Our first wedding was in Greece. We went back and forth about inviting family to Greece, but in the end because of all the drama, we had to plan a second wedding for our family. Wedding #1 became just our wedding then, which did ease some of the stress (but hardly...). I chose Greece because I had two Greek students this year and I thought it would be more meaningful to visit a place where my students were from. Jin is the one who decided on Santorini. And it was amazing!

Our wedding day was simple but elegant. I stayed back in one hotel room and had the videographer come film me as I gave my vows. The photographer was with Jin as she had her makeup and hair done. We had some initial photos together and then eventually our ceremony. After the ceremony, we went off to take pictures all around Oia. And then ended up back at the other hotel room to share a private meal overlooking the sunset in Oia.

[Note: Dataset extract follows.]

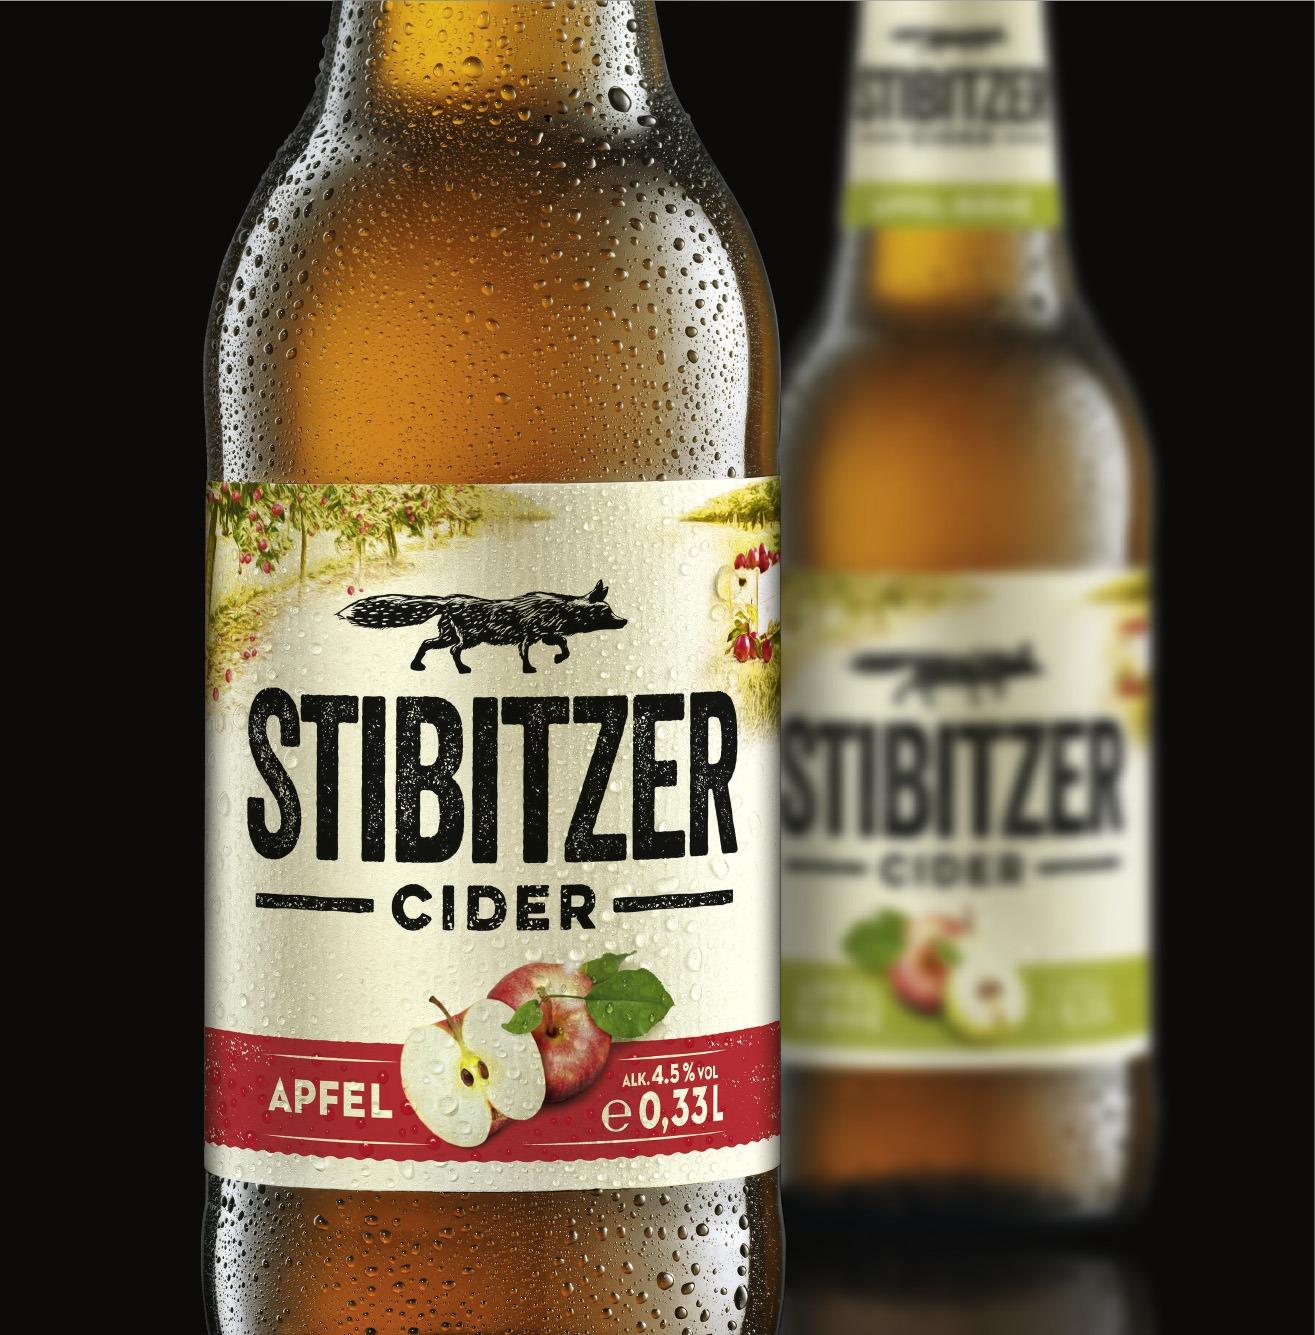 Stibitzer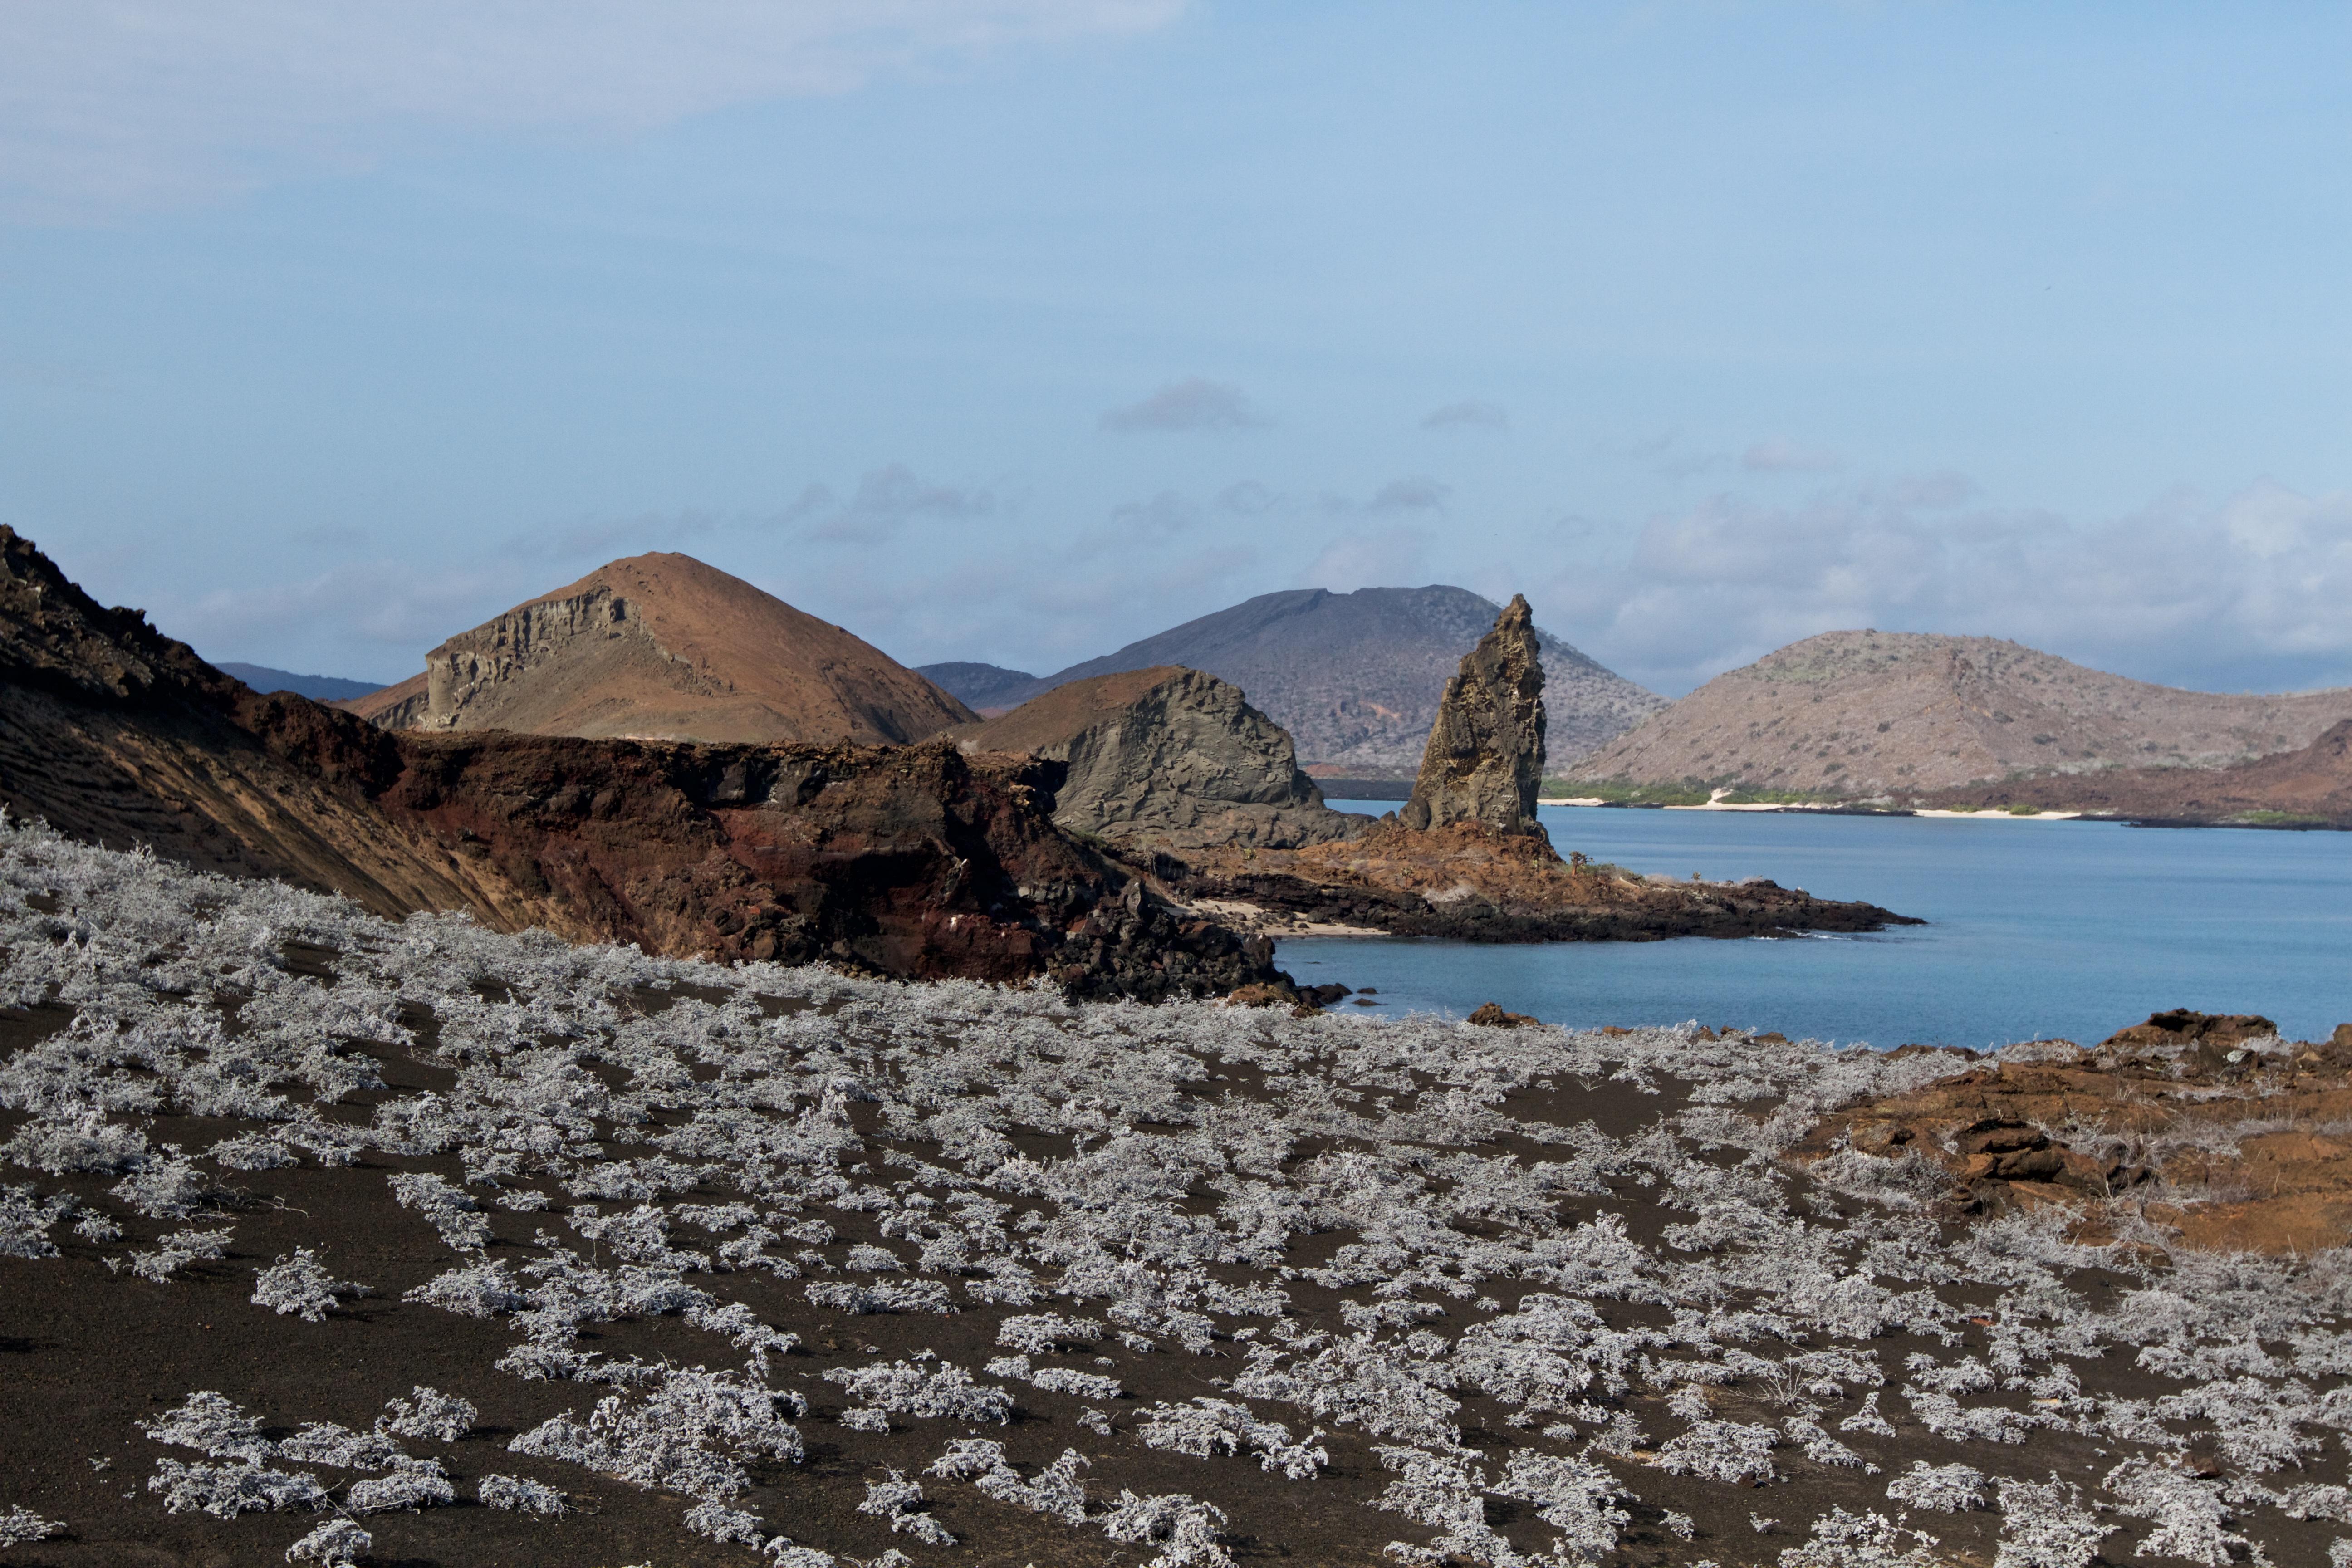 Galapagos haven

It was gorgeous, romantic, and simple.

Wedding #2

Our second wedding is today. In fact, in less than a couple hours. I'm here just writing this entry to keep consistent with my blogging. Jin's still panicking somewhat but has managed to calm down. We've both been stressed as hell from this, but her especially since she's been juggling so much for the wedding.

We'll have a courthouse wedding with immediate family and a few extended family members, but no friends to still keep things simple. And then as stated earlier, we'll have the one dinner tonight and another one tomorrow.

Don't judge a book by its cover.

Based on my simple summary, you could hardly imagine the stress endured during all of this. However, while planning these weddings, both of us were enrolled in graduate school at Johns Hopkins. Jin moved from one apartment to another and I moved from one country to another. I was dealing with unexpected stress from work after the retaliation and harassment I received and Jin found out about yet another job opportunity. There are a million other things on are minds and wanting to invest tons of time and money into a ceremony felt wasteful when we would rather make more time for each other and save for our future.

Happily Ever After...

However, while it's been an extremely stressful past few months, I'm grateful I've come this far. I'm grateful for my family as well as for my in-laws for their generosity and love (even if they might all drive us nuts at times). But, I'm most grateful to Jin. I'm grateful for her hard work, dedication, and love throughout this process. It hasn't been easy for her, but she's kept pushing on for each one of us. And I'm so grateful that I get to marry her today!